В общем, он на войну попал. Но удивительно было, по крайней мере, для меня, почему он не стал драться на стороне немцев. Удивительно не только потому, что он уже жил в Германии, среди немцев, в их окружении, но потому, что он мне часто говорил: хотя люди, которые попали на нашу сторону океана и основали Америку, были продуктом английской культуры, но в наше время германская культура ближе всего связана с современными мужественными отпрысками северной ветви старой арийской расы. И это потому, говорил он, что связь эта мистическая, и она не в том, что видишь, а в том, о чем слышишь, будто современный ариец, по крайней мере, в Америке, никогда не верит в то, что он видит, но готов поверить всему, что он услышит, хоть и не сможет доказать, и будто бы современная германская культура с самой революции 1848 года никогда не интересовалась и даже вроде как презирала всю внешнюю сторону человеческой жизни, все то, что воспринимается зрением и осязанием, например, скульптуру, или живопись, или гражданские законы, созданные для блага людей, и, наоборот, она, германская культура, занималась тем, что человек берет на слух, — например, музыкой и философией да еще всякой путаницей, происходящей у человека в мозгах. И потому, говорил он, немецкий язык такой некрасивый, нет в нем музыкальности, как в испанском или итальянском, и той, как он говорил, манерной изысканности, как во французском, а немецкий язык жесткий, некрасивый, какой-то харкающий (есть еще такая поговорка, по-итальянски говорят с мужчинами, по-французски — с женщинами, а по-немецки — с лошадьми), и этот язык не мешает, он тебя не отвлекает от того, что ты слушаешь нервами, нутром, — от мистической философии, от замечательной музыки, — Юрист говорил, что у них самая лучшая музыка, — от математической точности и непреложности Моцарта через богоподобную страсть Бетховена и Баха до помеси скандала в публичном доме и уличного карнавала, который грохочет в музыке Вагнера, — и все это прямо доходит до сердца современного северного арийца, ничуть не затрагивая его ум.

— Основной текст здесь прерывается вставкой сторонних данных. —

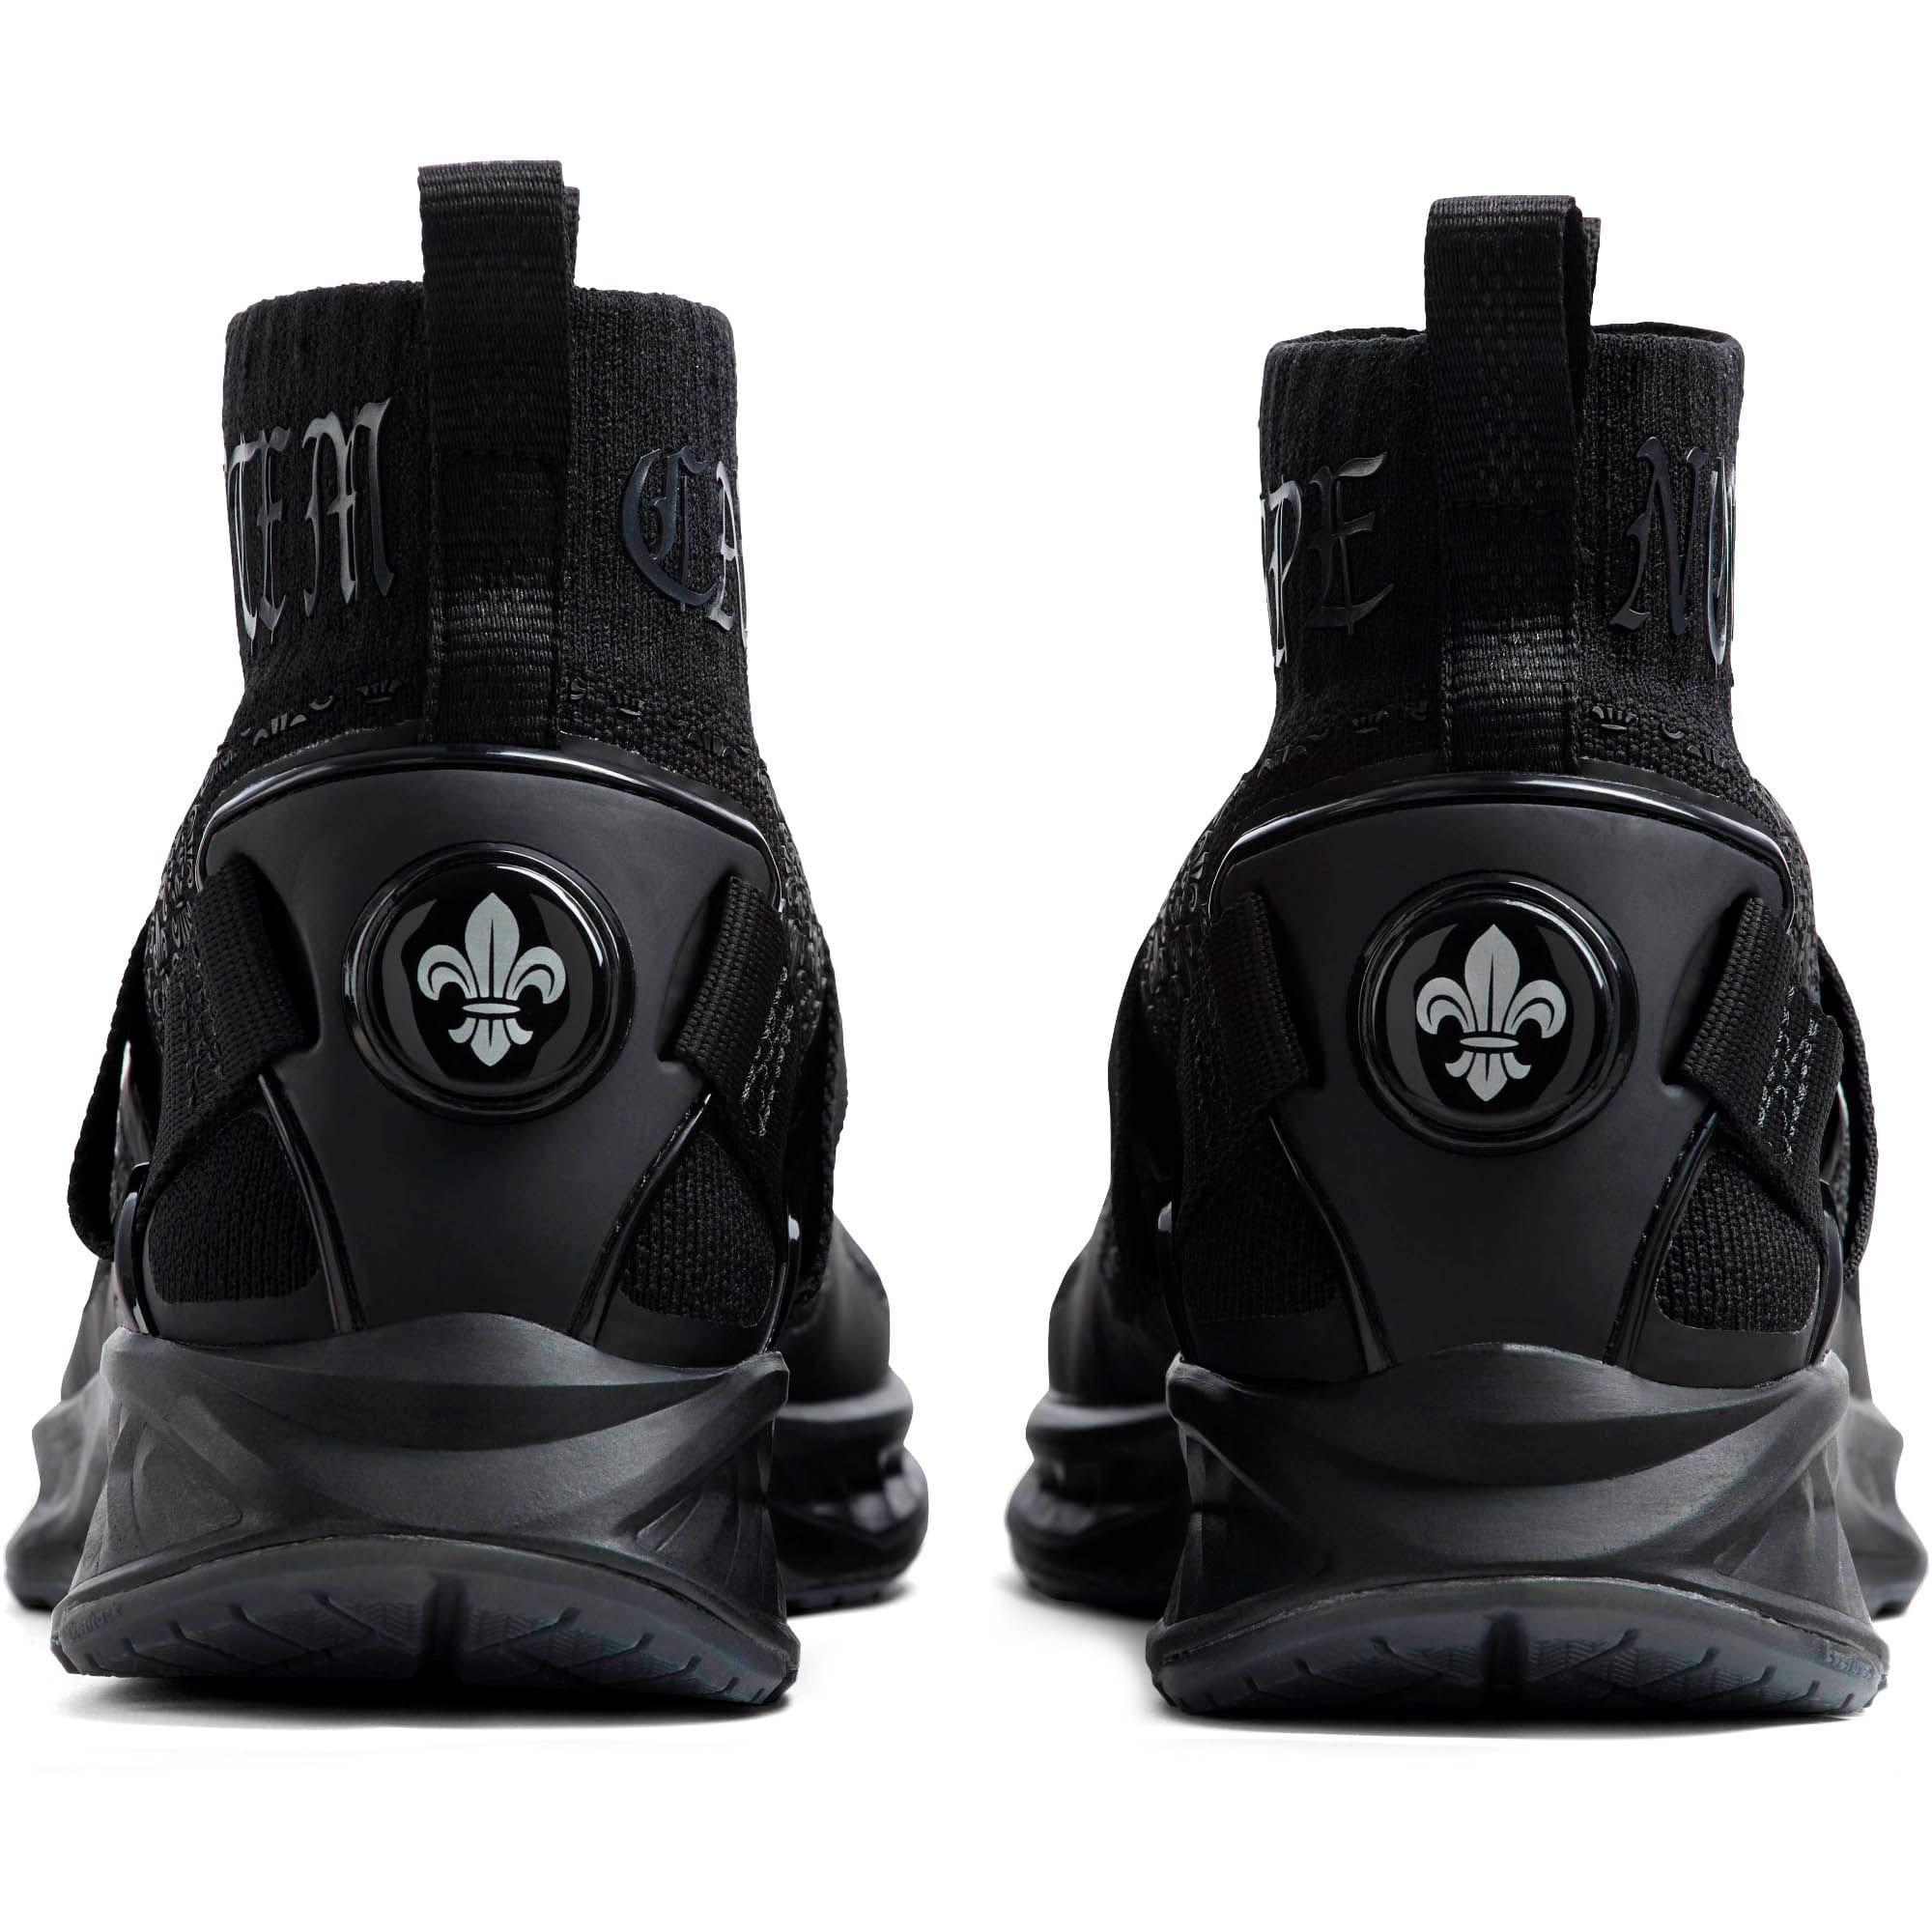 Thumbnail 4 of IGNITE evoKNIT En Noir Men's Training Shoes, Puma Black-Puma Black, medium
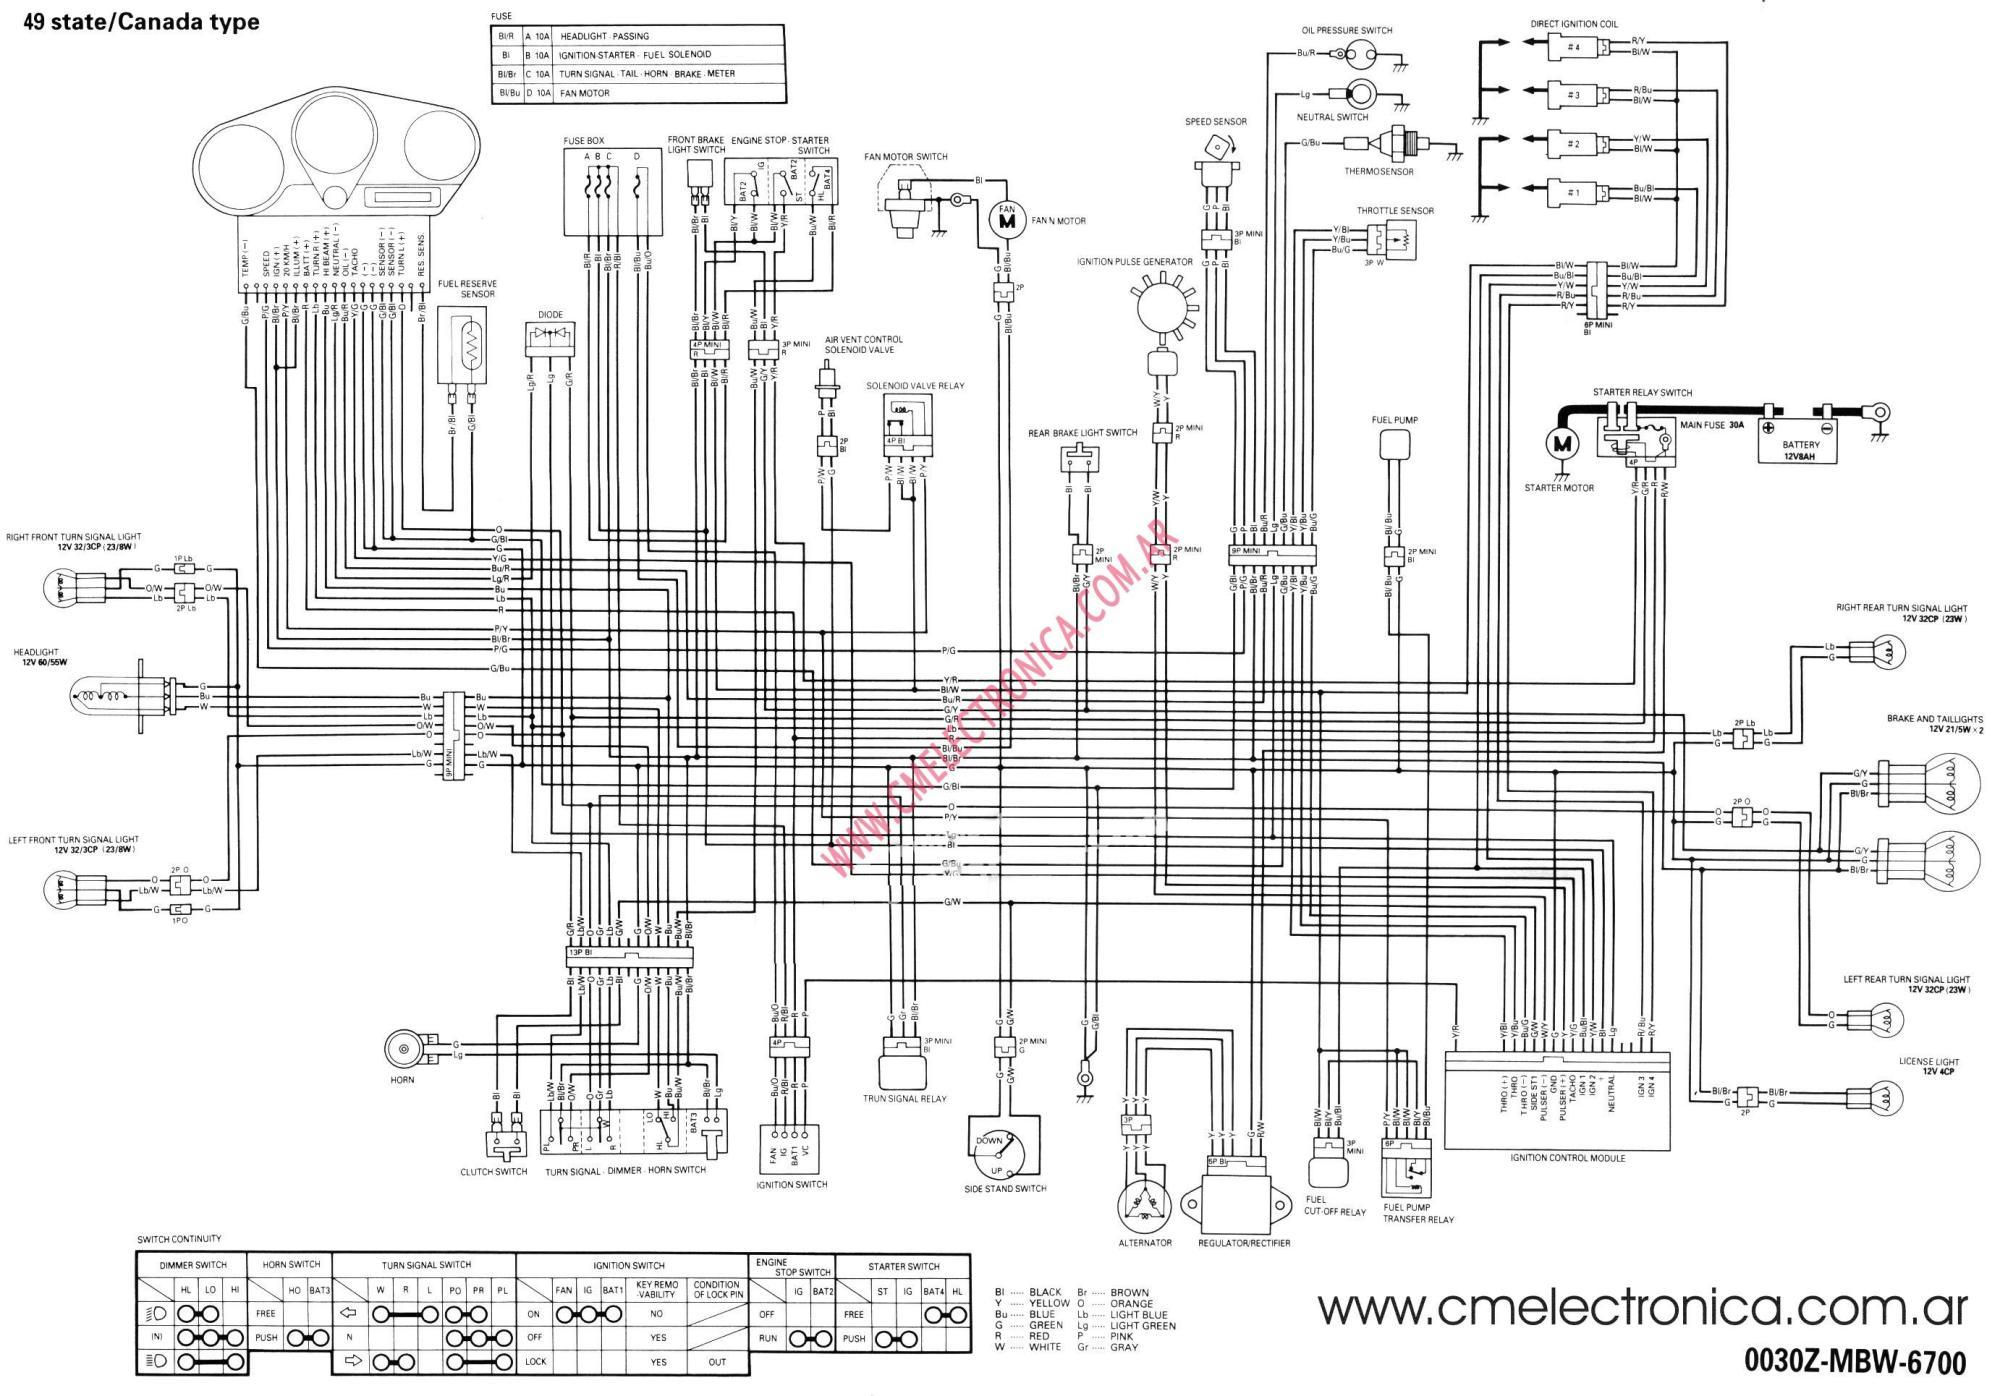 hight resolution of 01 sea doo gtx wiring diagram wiring diagram93 sea doo wiring diagram wiring diagram01 sea doo

Но только в германскую армию он не пошел. Не знаю, чего он там наврал немцам, чтобы его выпустили из Германии туда, где он мог присоединиться к их противнику и сражаться против них, и не знаю, что он там наврал англичанам и французам, убеждая их допустить студента германского университета туда, где он мог подслушать, какой сюрприз сейчас готовят немцам. Но он все это проделал. Однако пошел он не в английскую армию, он пошел к французам, к тем самым, что, по его же словам, все время манерно разговаривают с дамами. Я так и не понял, почему, даже через четыре года, когда я его спросил: «Как же так, после всего, что вы говорили насчет этого самого сродства с немецкой культурой, или, вернее, вы были у нее под носом, как же вы после этого все же врали и хитрили, лишь бы вам попасть не к немцам, а к французам?» А он мне только ответил: «Я ошибался». И еще через год, когда я ему сказал: «А как же ихняя замечательная, великолепная музыка, как же эта ихняя замечательная мистическая философия?» — он мне только ответил: «Все это по-прежнему замечательно и великолепно. Только слово „мистический“ не подходит. И музыка и философия рождаются из тьмы, из мрака. Не из тени, нет, из темноты, из непроглядности, из мрака. А человеку нужен свет. Человек должен жить на ярком, постоянном, беспощадном свету, так, чтобы каждая тень была определенной, отчетливой, самобытной и неповторимой: тень его собственной, личной чистоты или подлости. Все зло человечества родилось в темноте, во мраке, там, где человека не преследует по пятам тень его собственных преступлений».
В общем, прошло еще года два или три, и он вернулся домой окончательно, и Юла, которой ничего не нужно было ради него делать — только дышать, существовать на свете, — уже всю его жизнь, если только она понадобится, связала с будущим своей одиннадцати-двенадцатилетней девочки, и я ему сказал:
— Елену озарял свет.
А он ответил:
— Елена сама — свет. Вот почему мы до сих пор, через пять тысячелетий, видим ее неизменной, ничуть не померкшей.
А я говорю:
— А как же те, другие, помните, вы рассказывали? Все эти Семирамиды, и Юдифи, и Лилиты, и Франчески, и Изольды?
И он говорит:
— Они не то что Елена. Нет в них того света, той лучезарности, того постоянства. А все потому, что они не умели молчать. И все они медленно тонут во мраке и гуле голосов, рассказывающих об их трагедиях, их страстях. Иное дело — Елена. Знаете ли вы, что не сохранилось ни единого ее слова, даже упоминания о том, что она говорила, кроме слова «да», которое она, возможно, сказала Парису?